11-11-2025, 04:04 PM
(11-11-2025, 03:23 PM)Acitta Wrote: ‘I want to be optimistic’: New film by UW prof explores solutions to housing crisis
A free screening of “Thinking Beyond the Market” will take place in Waterloo on Nov. 16.
At the heart of a new documentary film on housing lies a key question: What kind of housing are we building, and for whom?
“If we think of the dual roles that housing has in our society, it is shelter — and a basic human right — but it’s also a speculative commodity from which to make money,” said Brian Doucet, an associate professor in the School of Planning at the University of Waterloo.
“Simply put, it cannot succeed at both.”
Doucet’s new feature-length documentary, “Thinking Beyond the Market,” takes a cross-Canada look at solutions that can put housing in the hands of those who need it the most.
To some extent or another, this is true of all sorts of things.

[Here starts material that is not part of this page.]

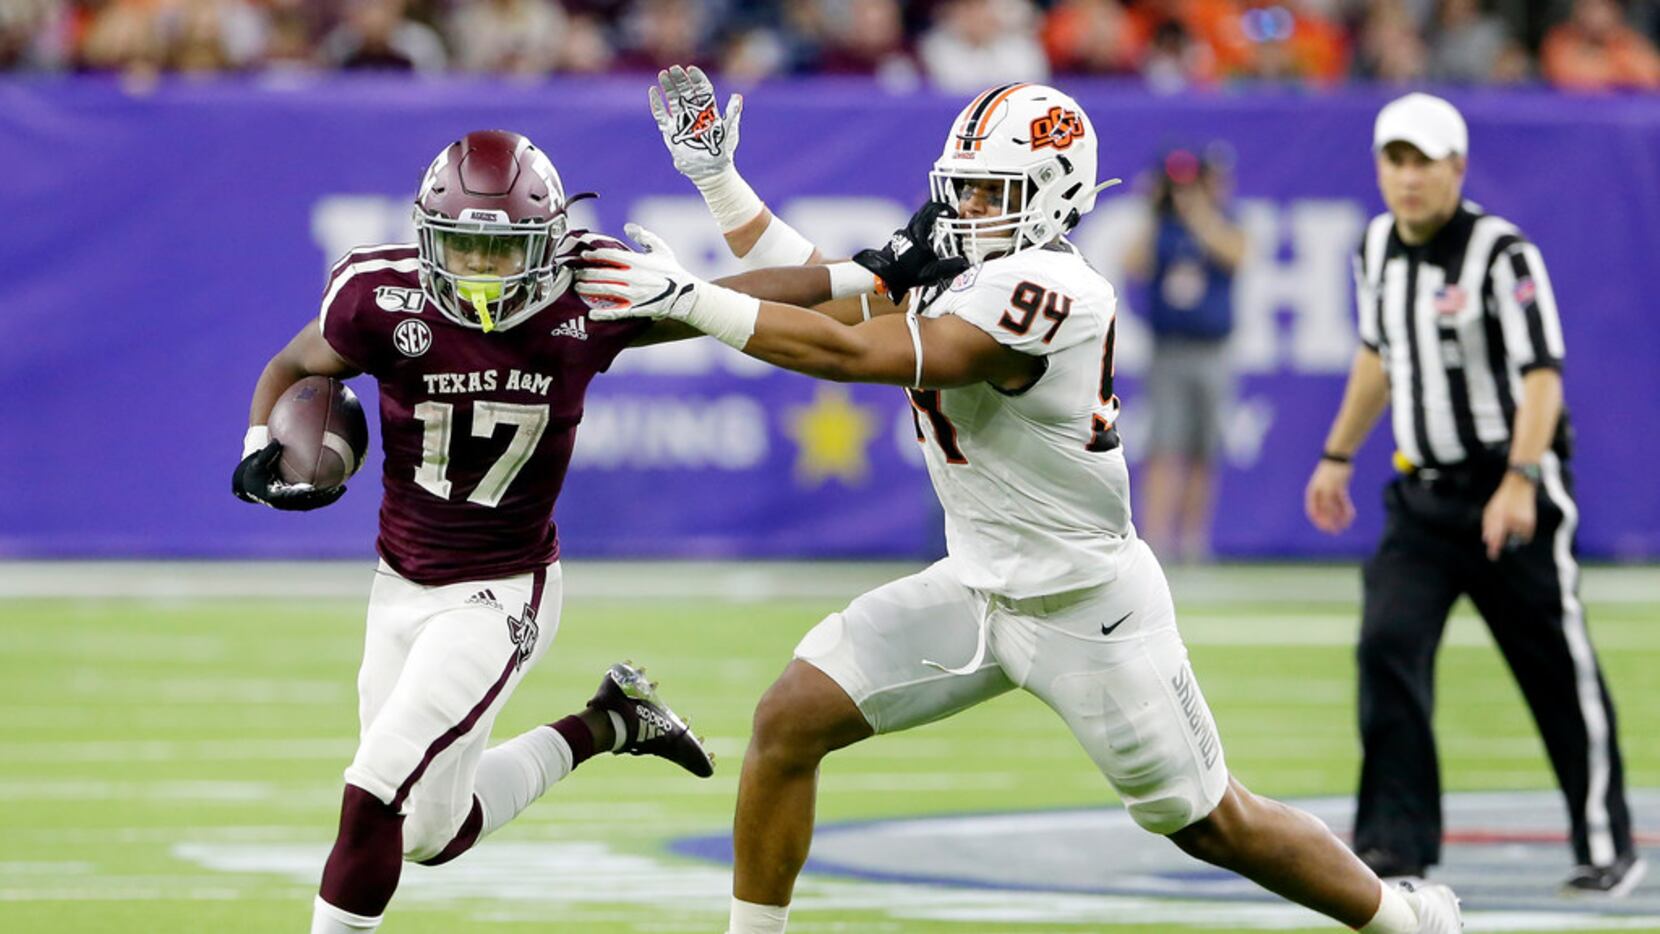 Texas A&M wide receiver Ainias Smith (17) fends off Oklahoma State defensive end Trace Ford...

We have a market-driven economy with significant regulation. That means that food (also a human right under the UN Declaration of Human Rights) is mostly produced and distributed by the private sector, by actors motivated by profit. So too clothing (also a human right).
I think it would be fair to say that housing and real estate in many ways have been less market-driven in Canada than those things. Government in Canada has since the second world war been extremely involved in the real estate market, and in recent decades has mostly been interested in propping up prices. I really doubt that the answer is yet less market and more government intervention.